## Exercise
Could you set down the listing below exactly, leaving out its pictures?

## Data shown
____

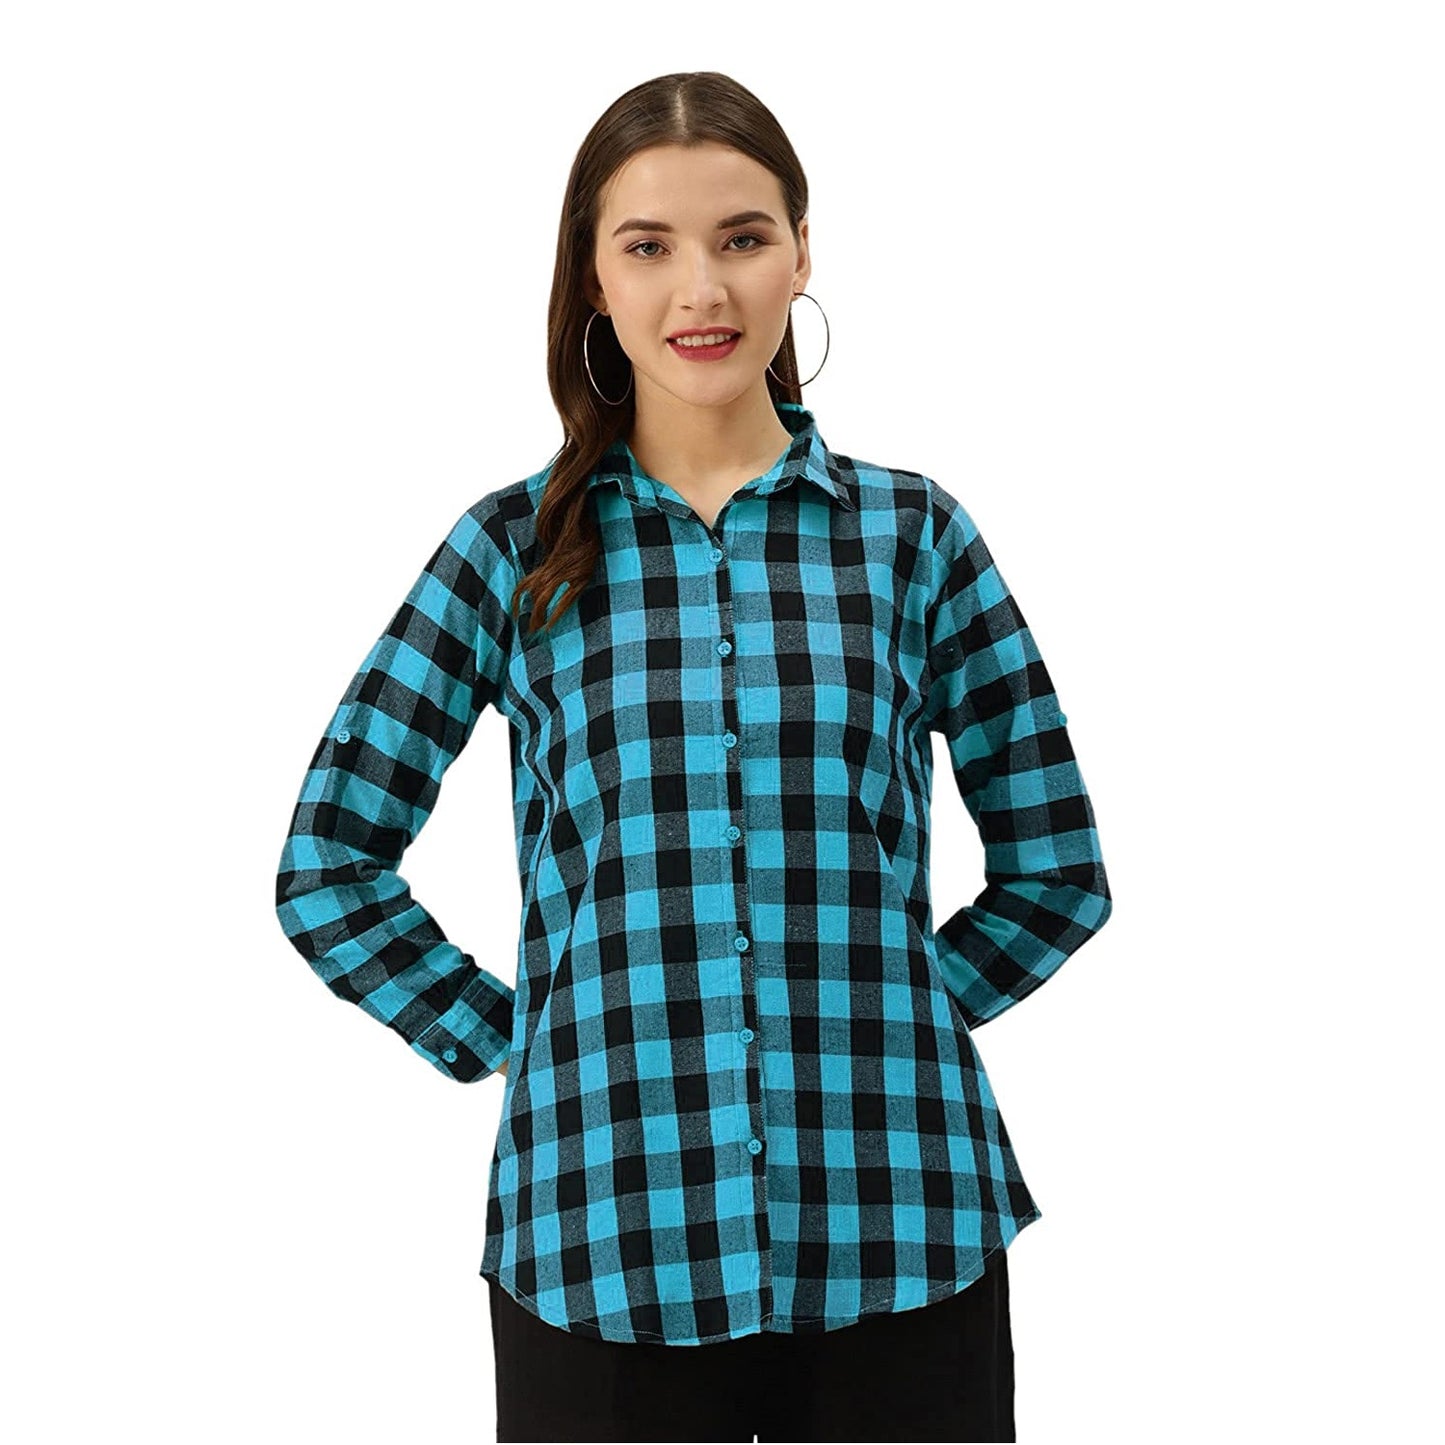 \Vastraa Fusion Women's Cotton Checkered Shirt
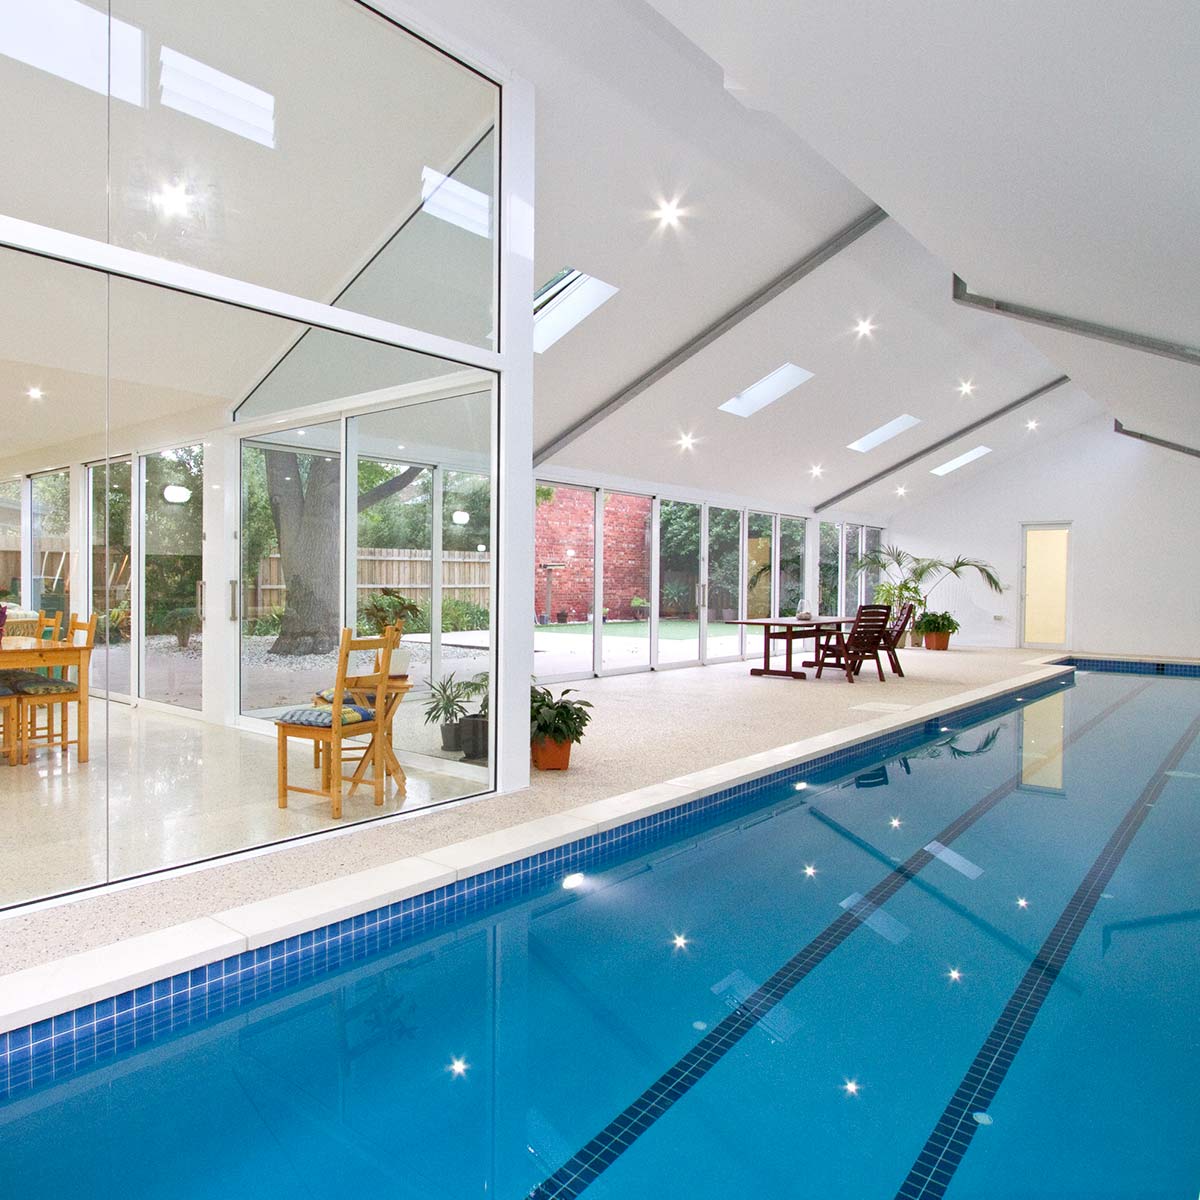 Personal Indoor Pools Melbourne, Australia
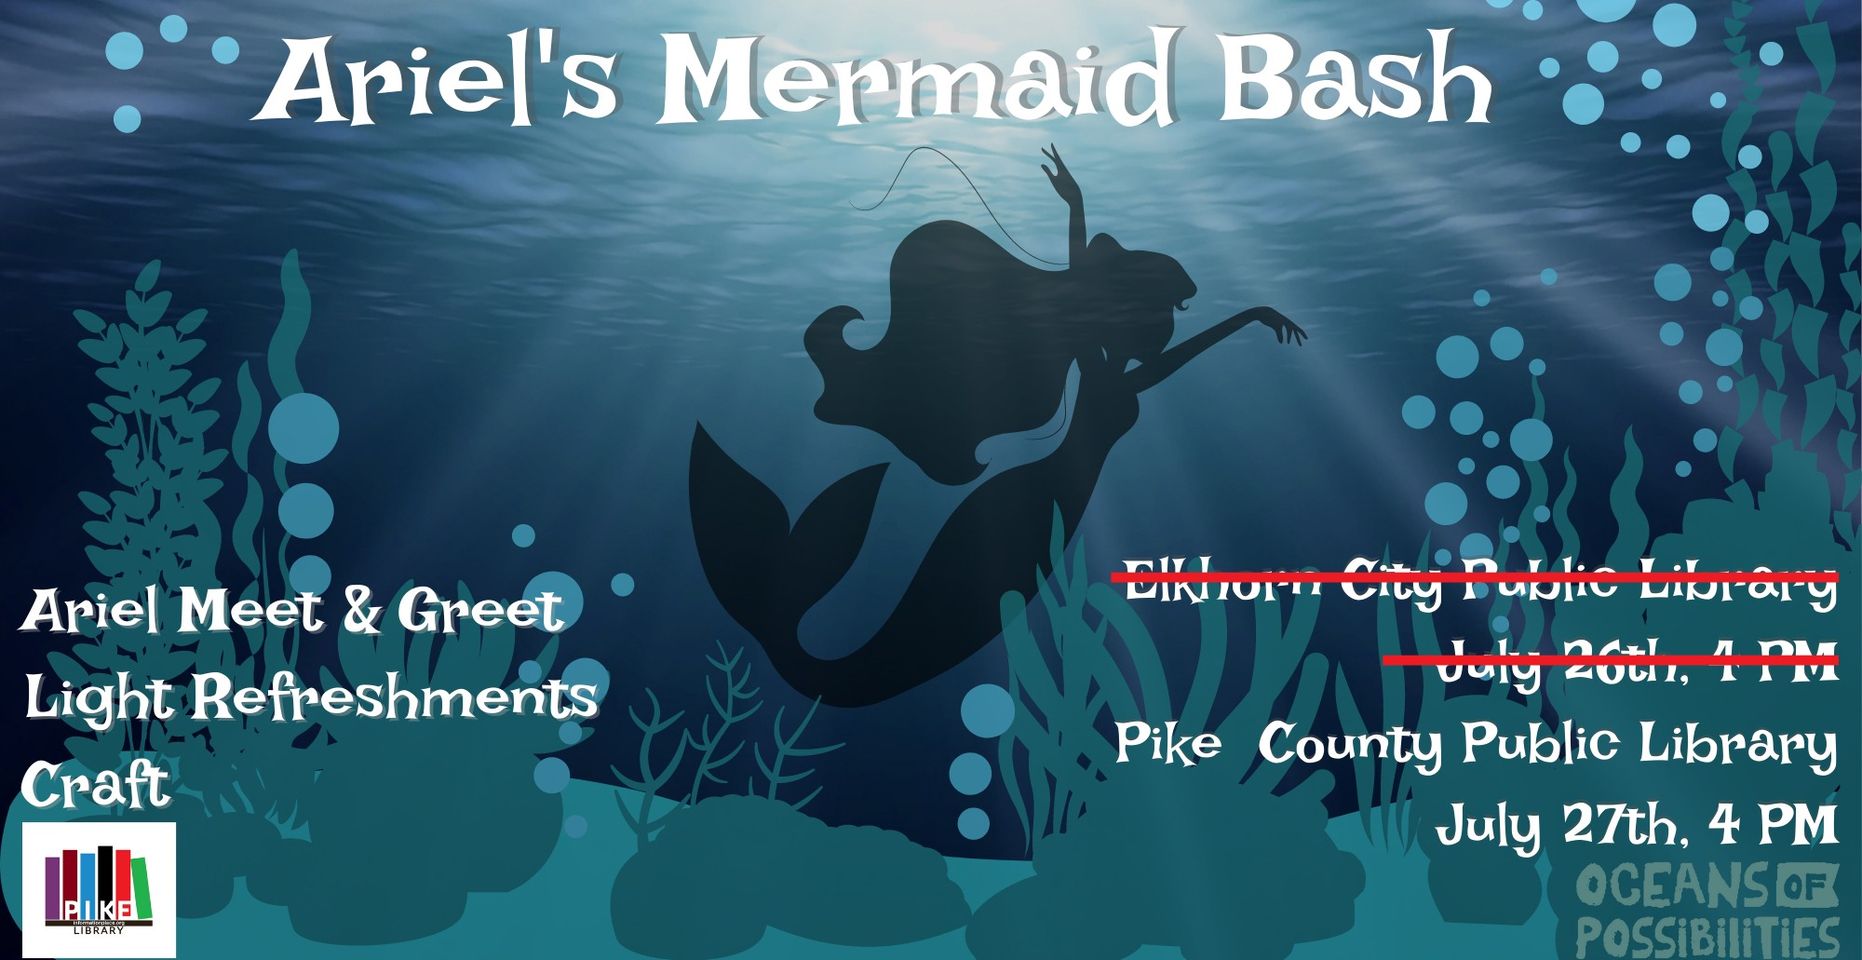 Ariel's Mermaid Bash
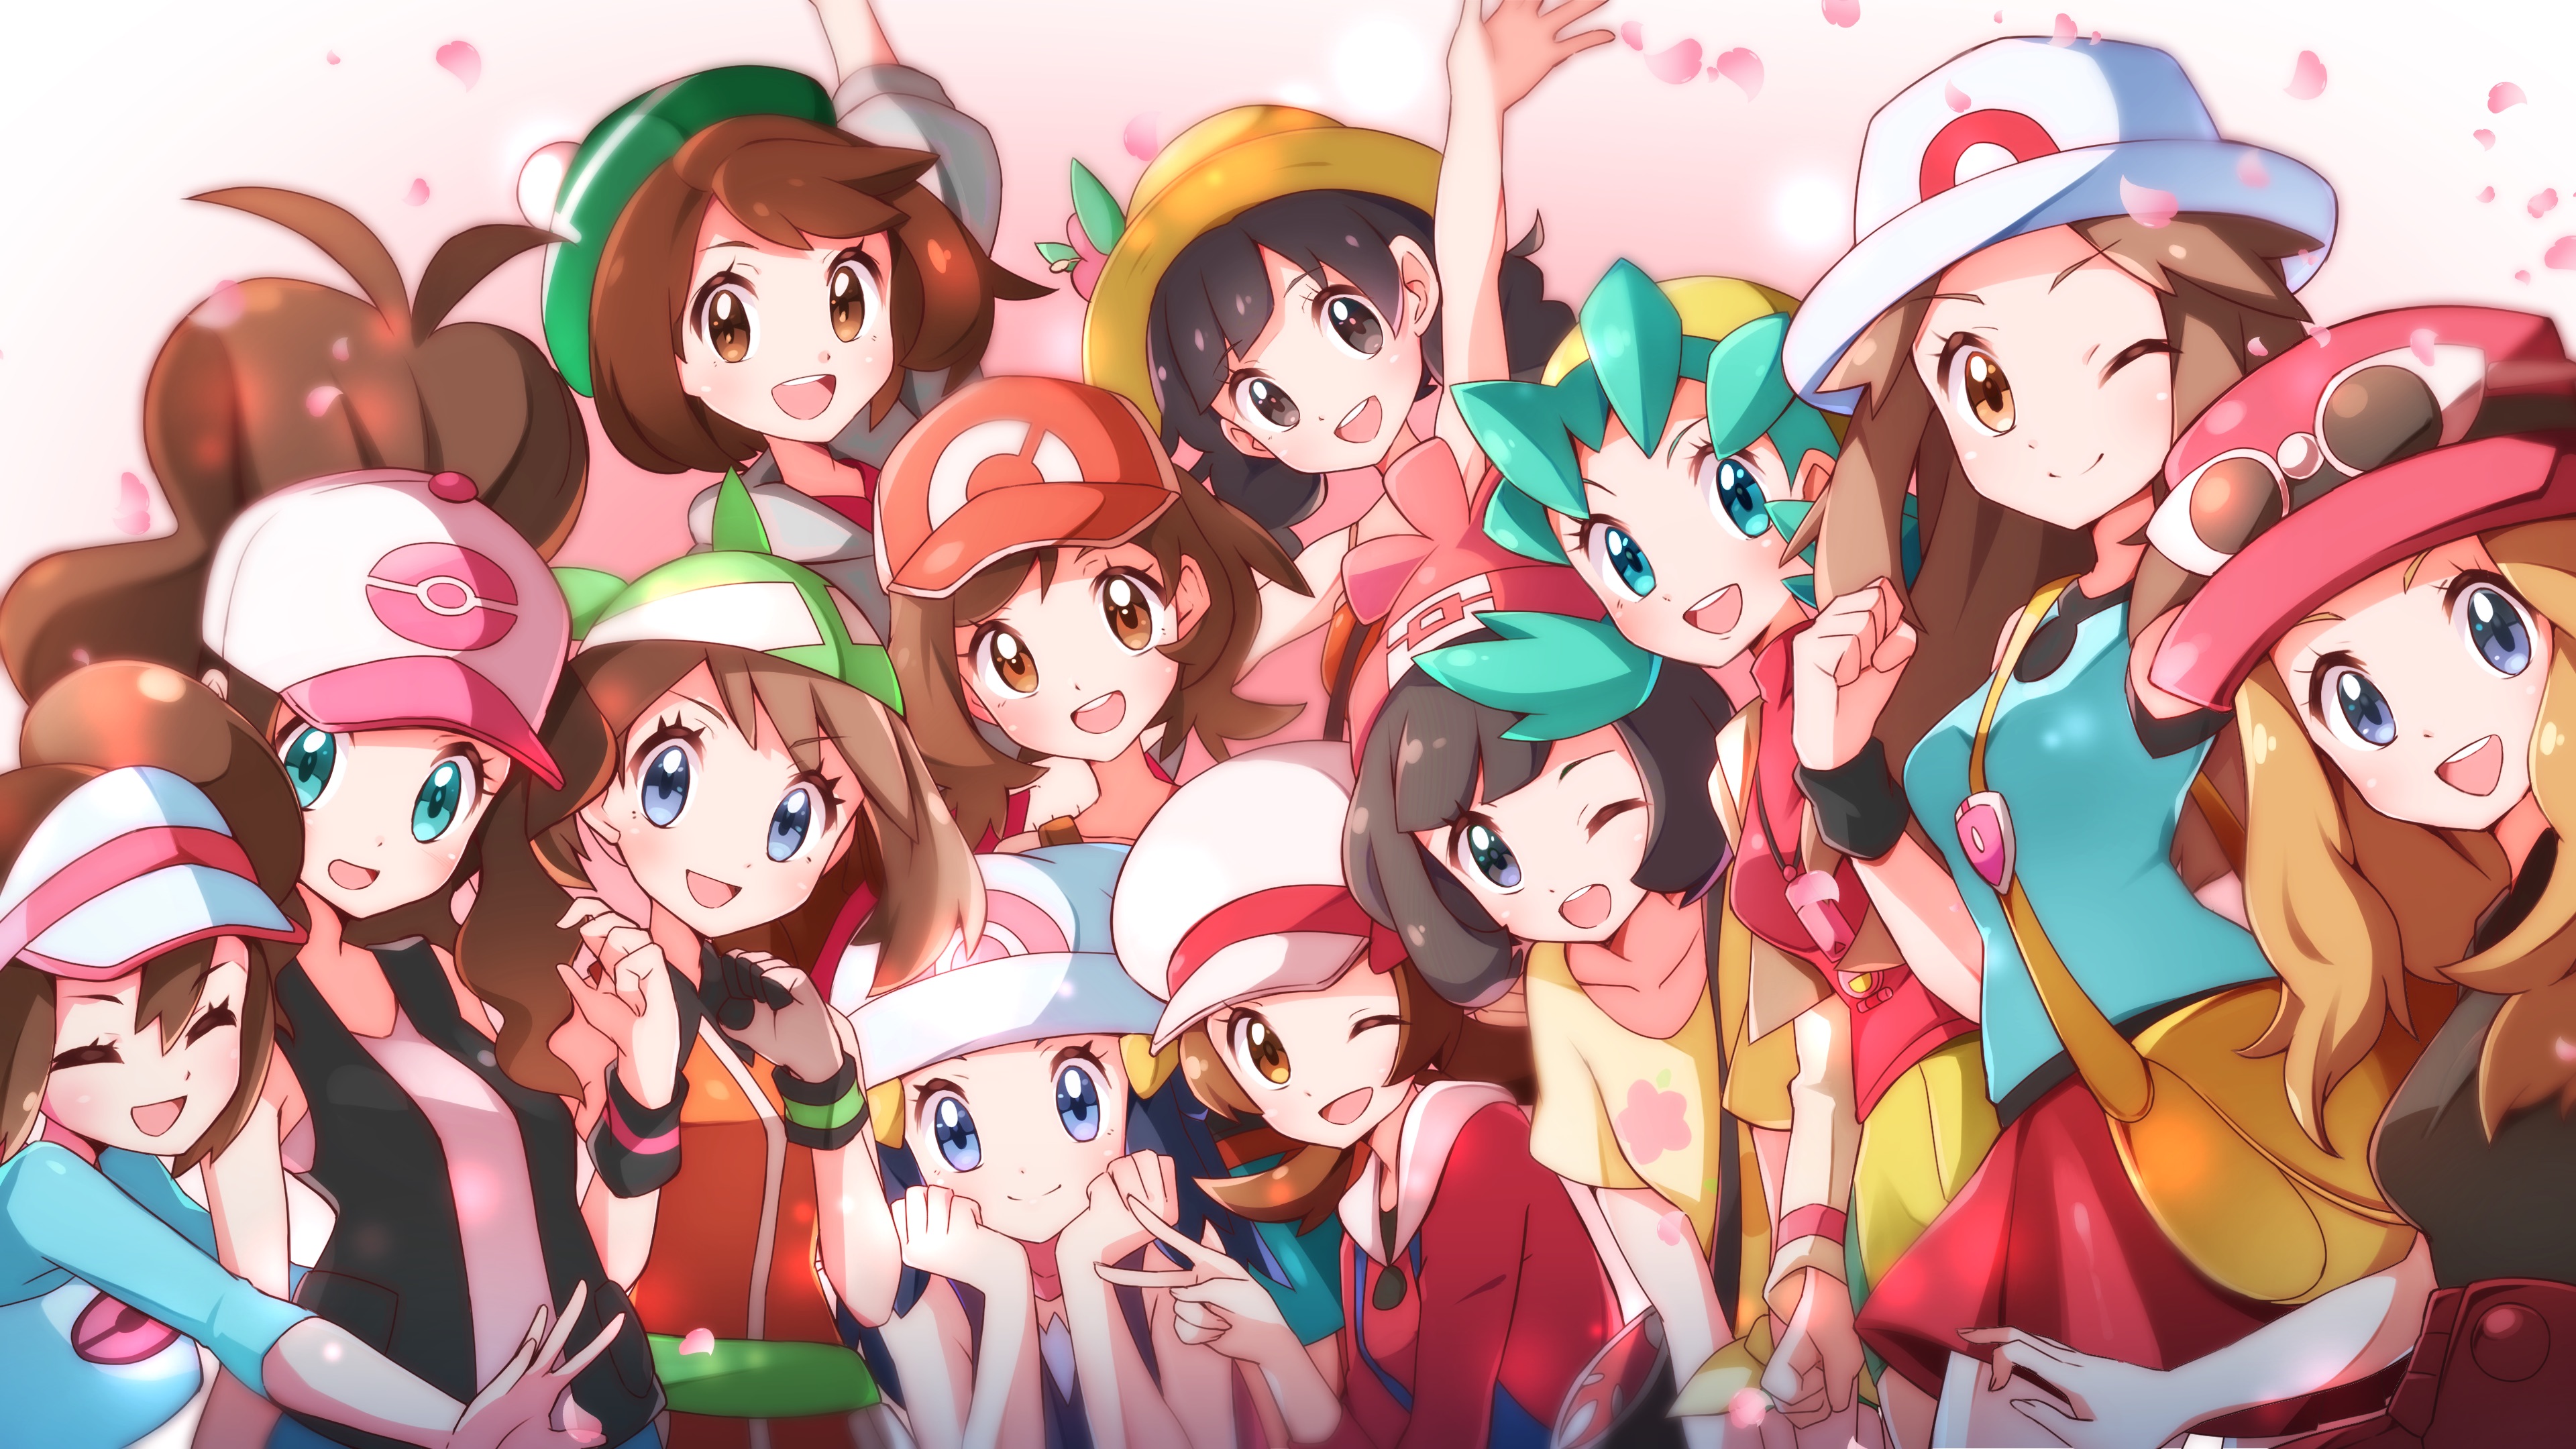 Anime Pokémon 4k Ultra HD Wallpaper by みらー

____

## Written response
 \Vastraa Fusion Women's Cotton Checkered Shirt
 Personal Indoor Pools Melbourne, Australia
 Ariel's Mermaid Bash
 Anime Pokémon 4k Ultra HD Wallpaper by みらー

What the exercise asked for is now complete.